This was the book my feminist book club chose for February
and it lent itself to one of our best discussions! The book is definitely academically focused
and can be dry at times. I do not think
I would recommend it for pleasure reading, but if you want another way to think
about the classics, then this book may be for you. In it, Miller focuses on the “Great” female
writers and looks at how they wrote about men.
I’m going to share the ideas and quotes that I think are the most
interesting and intriguing.
Miller introduces the concept of “learned androgyny”-
that women writers in order to be successful must try to write “like a man” in
order to be taken seriously. Women who
are known as women have a lot more to fear. “Let us pause to consider androgyny
and the possibility that women have been schooled in androgyny. Any such notion must be permeable, for they
have also been schooled to be women and to be women for men.

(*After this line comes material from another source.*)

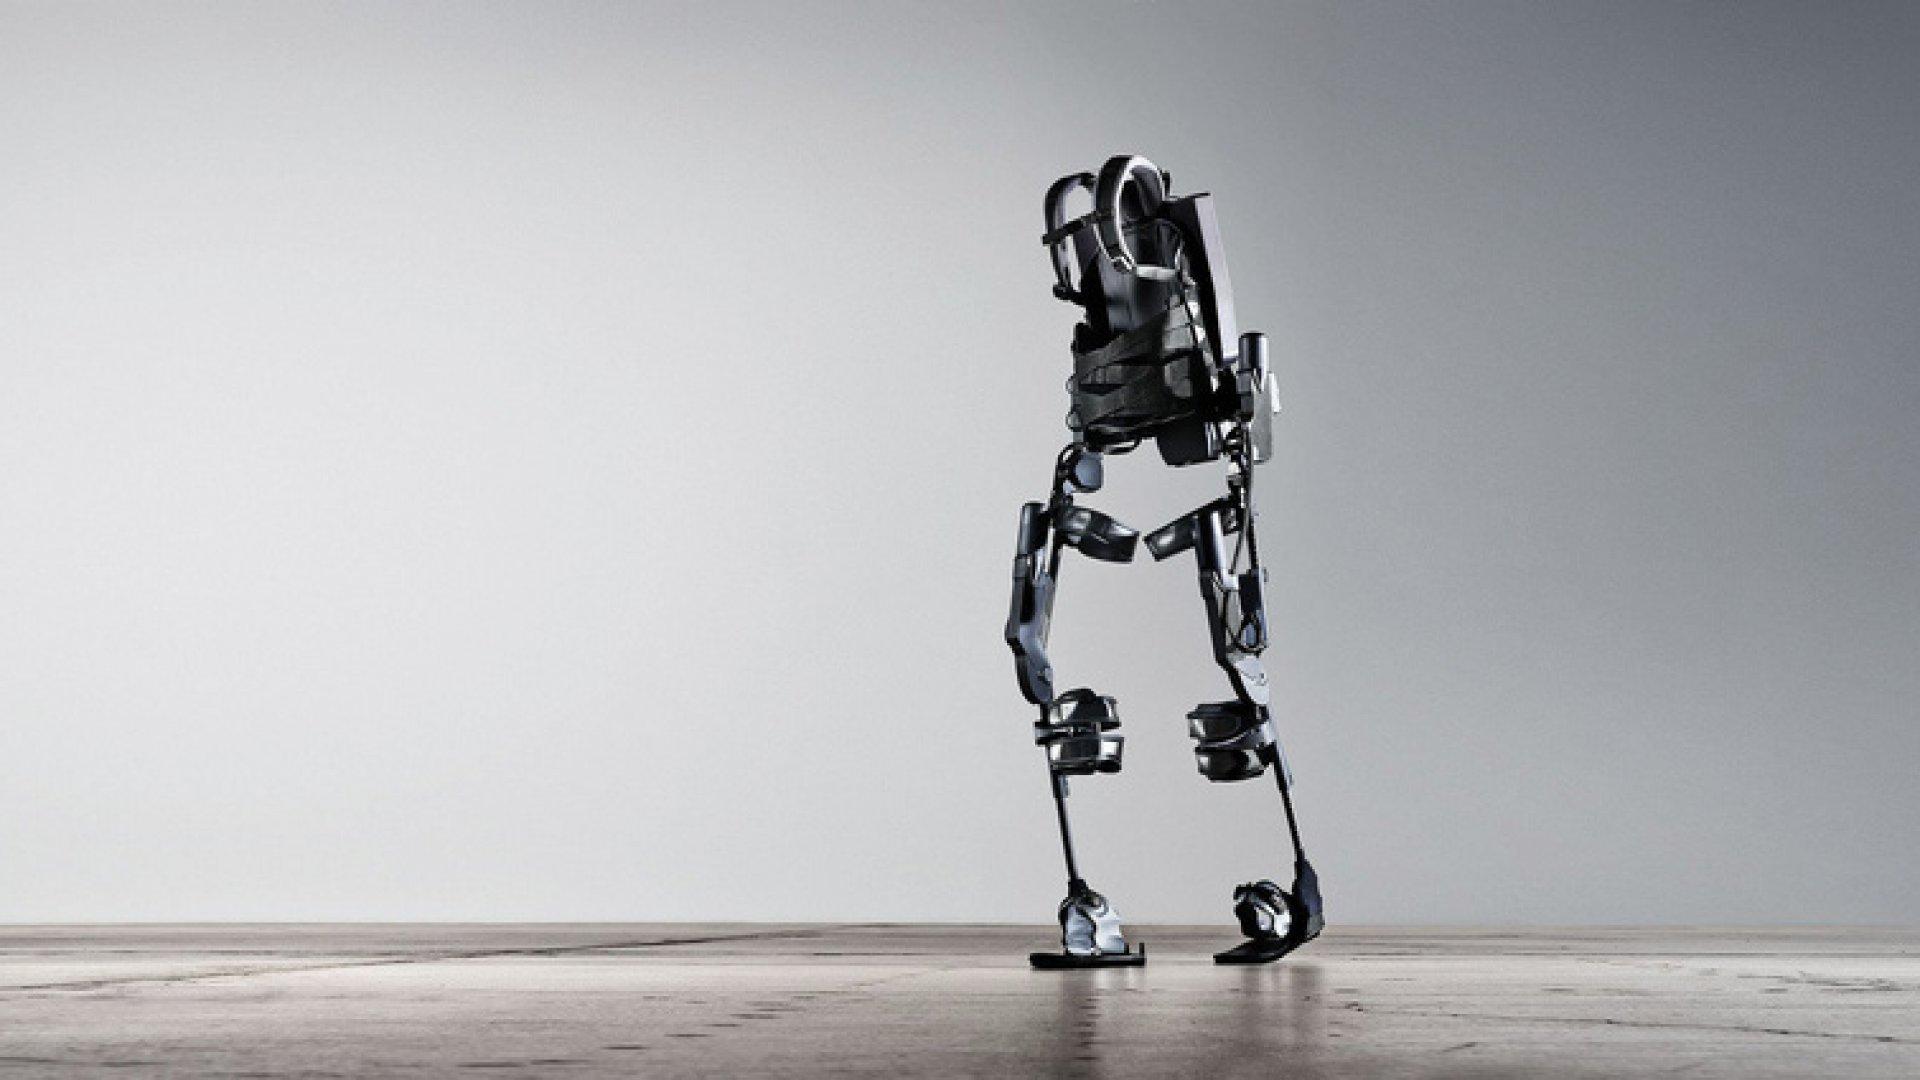 The Bionic Exoskeleton, designed by Ekso Bionics.

They must avoid mannishness and
monstrousness, they must keep their cool.
Yet women readers who have unlearned their androgyny, or have at least
started on the process, become attuned to the expression of danger and of fear
in women writers. They learn to
recognize fear about writing as a fear about love.” Furthermore, in order to be
the “right sort of woman,” the woman writer should be able to detach from her
identity as a woman. (24)
One of the most notable ideas is that a woman’s adventure
ends with marriage, while a man’s adventure lasts throughout his life. It’s a sad narrative that is extremely
familiar-we saw it with Austen and we see it today with Disney. It’s a narrative that made all of us very
mad, for we are tired of missing out on adventure-we want a life and to read
about lives that are just as full as any man’s!

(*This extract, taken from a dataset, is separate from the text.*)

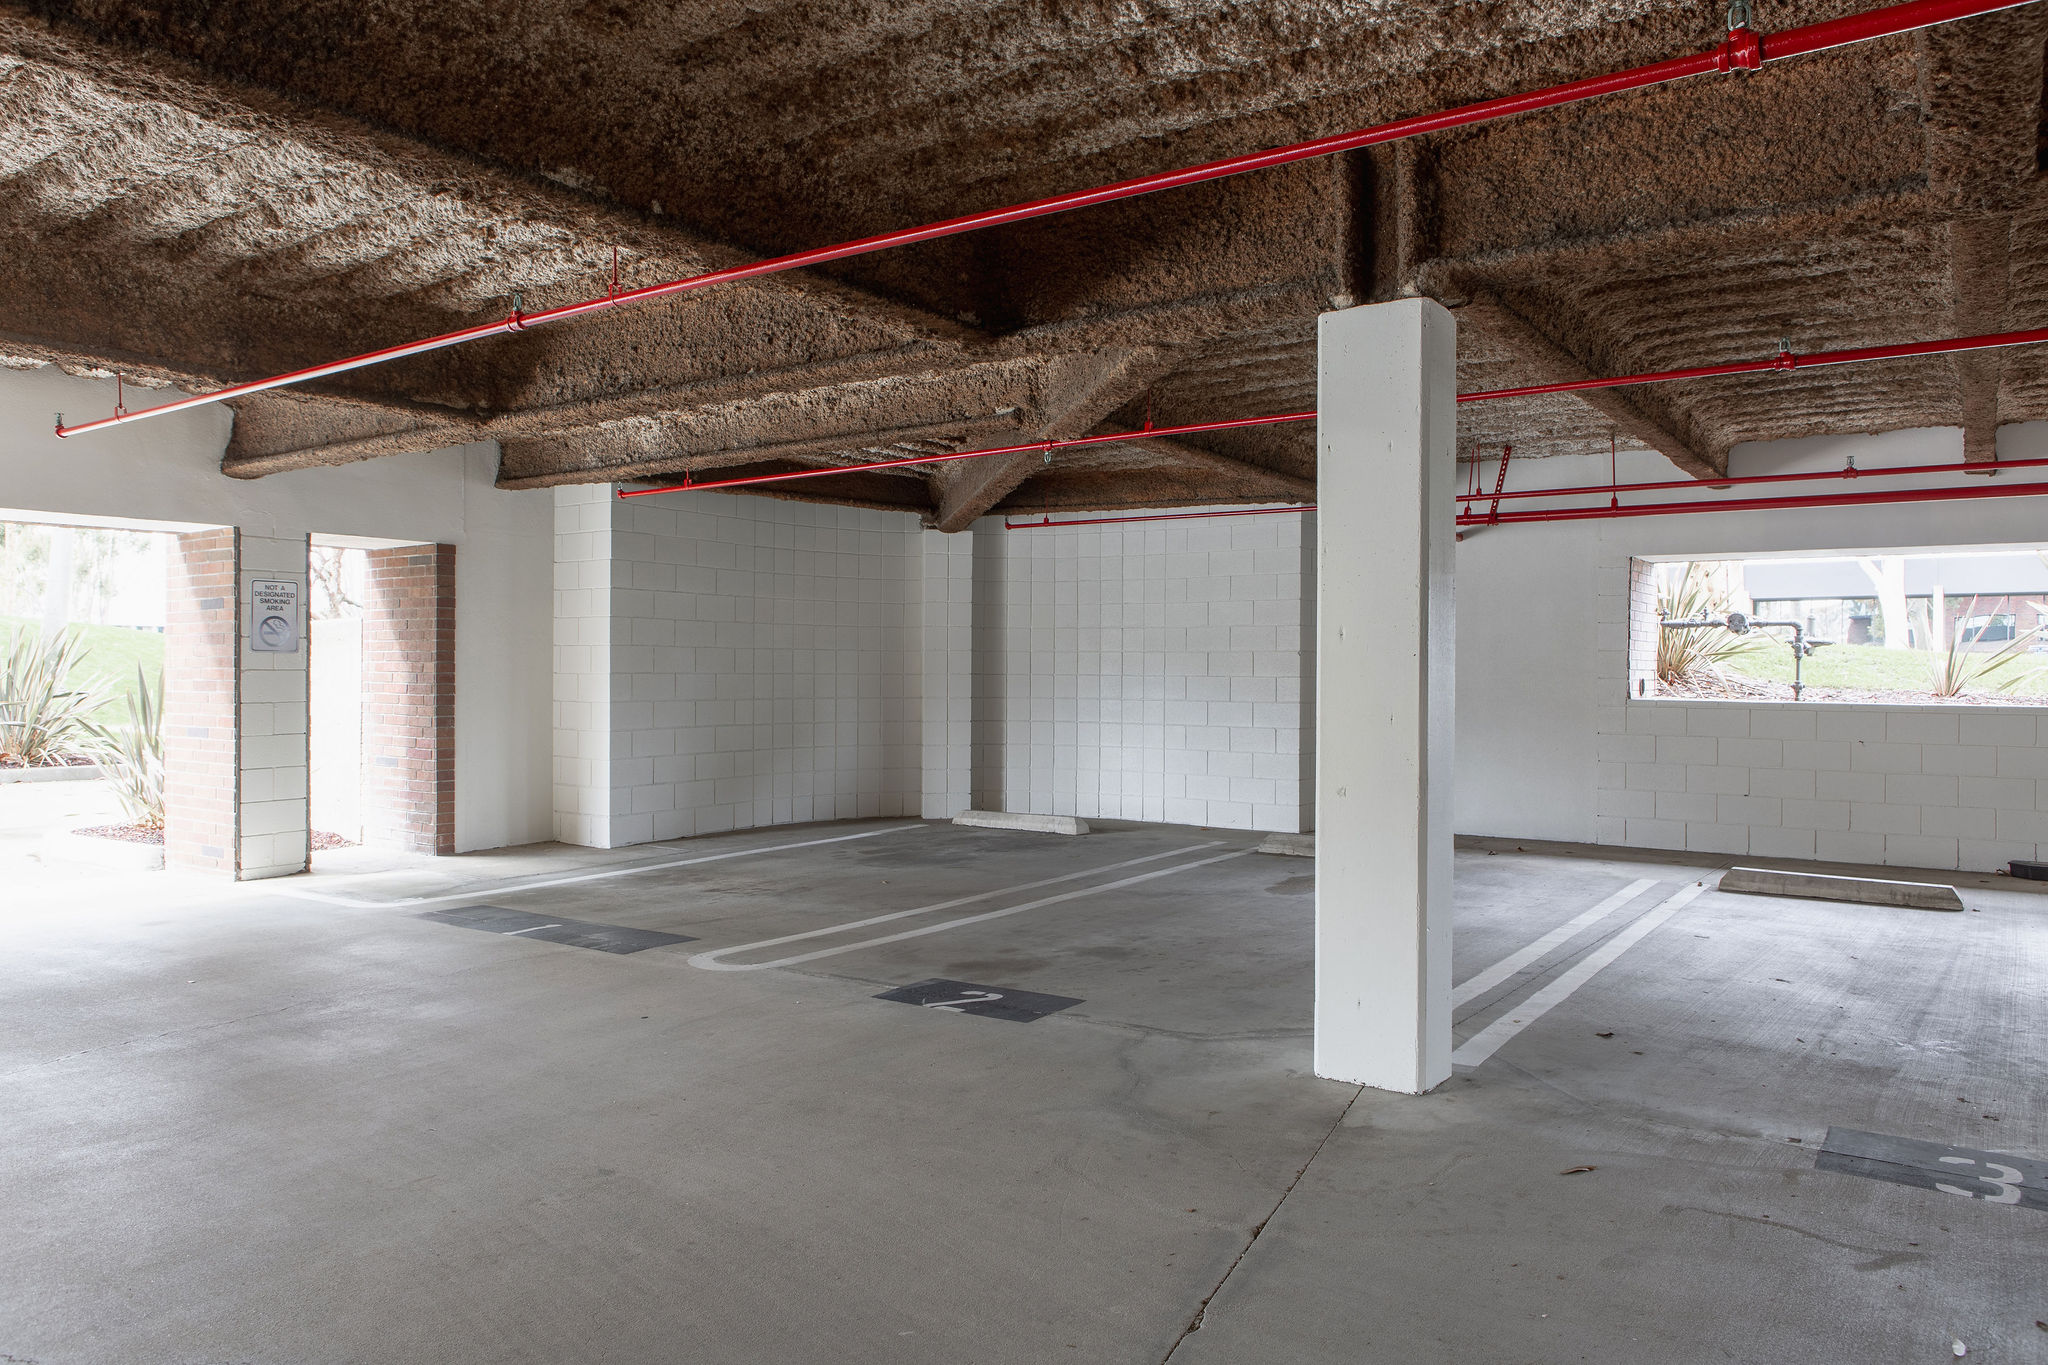 17300_redhill_after_parking_garage_entrance

I want to read about women that do not complete themselves by becoming
married, but by having adventures and experiencing life in all its fullness,
with or without a man by her side.
Miller also said that mother’s experiences are silenced;
that they don’t speak for themselves, but for their sons and husbands
(110). This made me think about the
prevalence of “mommy bloggers” and I wondered if this dynamic has changed with
this new medium, or is framing it as a “mommy blogger” still silencing? In a way, I think so, because the concerns
and joys of mommy bloggers are often considered less important or frivolous to
any other kind. I would love to hear
your thoughts!
Miller had some interesting insights on heroes and I agreed
with them:
If a woman loves a hero that is more likely to make her a
wife of a mistress than a heroine. This,
I think, has presented male readers with difficulties, for if they approve of a
heroine they would like her to marry a man’s hero. They are disconcerted to find that women do
not propose such men as the husbands for their heroines. Indeed, many women’s novels centre on the
dangers for a young woman of loving or marrying her hero.

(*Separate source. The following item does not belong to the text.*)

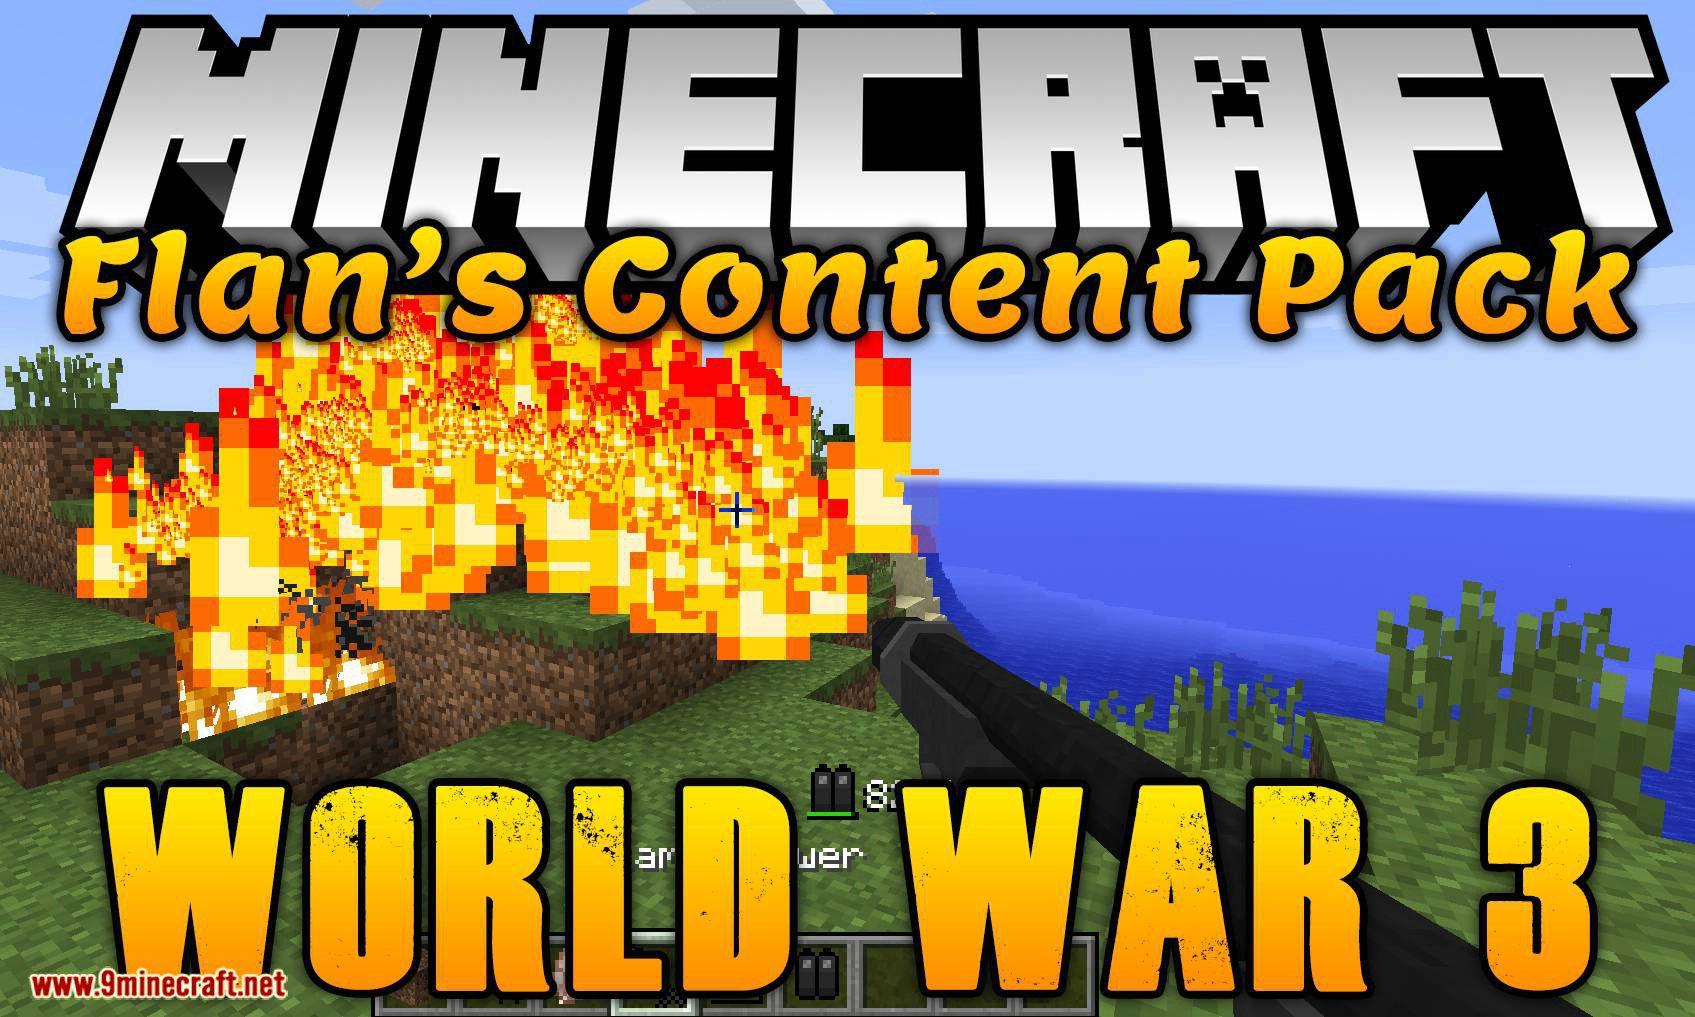 Flan_s Content Pack World War 3 mod for minecraft logo

On George Eliot: They expected this phenomenally intelligent
writer to recommend that her heroines marry men’s heroes rather than their own,
and they have ignored the possibility that it was her intelligence, which was a
woman’s intelligence, not a male accretion, which demanded that a woman
understand her own sexual nature and needs when she offered to spend her life
with a man. Hanging about, alertness to
the needs of a remarkable man, are not good enough for George Eliot’s
heroines. […]Critics who judge that
Stephen Guest or Will Ladislaw are unworthy of these complex moral women ignore
the fact that both Stephen and Will have what the other men in their novels
notably lack: they have a direct, instinctive, powerful sexual presence, and in
matters of sex they are driven to know what they desire and to develop love
from desire. Both behave well to the
women they come to love, though both are in positions where their love is
substantially prohibited by custom, social propriety, good taste. They are sexually honest, and they
communicate their sexual feelings clearly to the women they love, and they
develop morally through contact with them.
(141)
Basically, women's heroes are
good, moral, and sexually mature, which is as much of a hero as I want. What most men do not understand is that if a
man treats a woman with equal respect to anyone else then he is hero enough,
for that is not a truly common practice.
A book like Miller’s is important, because as she says on
page 31, “Projecting women’s problems as apolitical, as personal and
untheorised, has made women vulnerable to kinds of masculine political
analysis, whether reactionary or revolutionary, which subsume women’s concerns
into more general ones, concealing their specificity and ignoring women’s
accounts of them.” But if men’s works and problems can be seen as political and
All Important, then surely our culture can one day turn around and do the same
for subjects written by women.
And how do we do that?-By not pooh poohing women writing
about women’s issues (mommy bloggers, victims of domestic violence, fashionistas,
feminists, for example) and by holding up the concerns of women to equal
importance as those typically of concern to men. Only then will the right to bodily autonomy
be seen as automatic as the right to buy Viagra.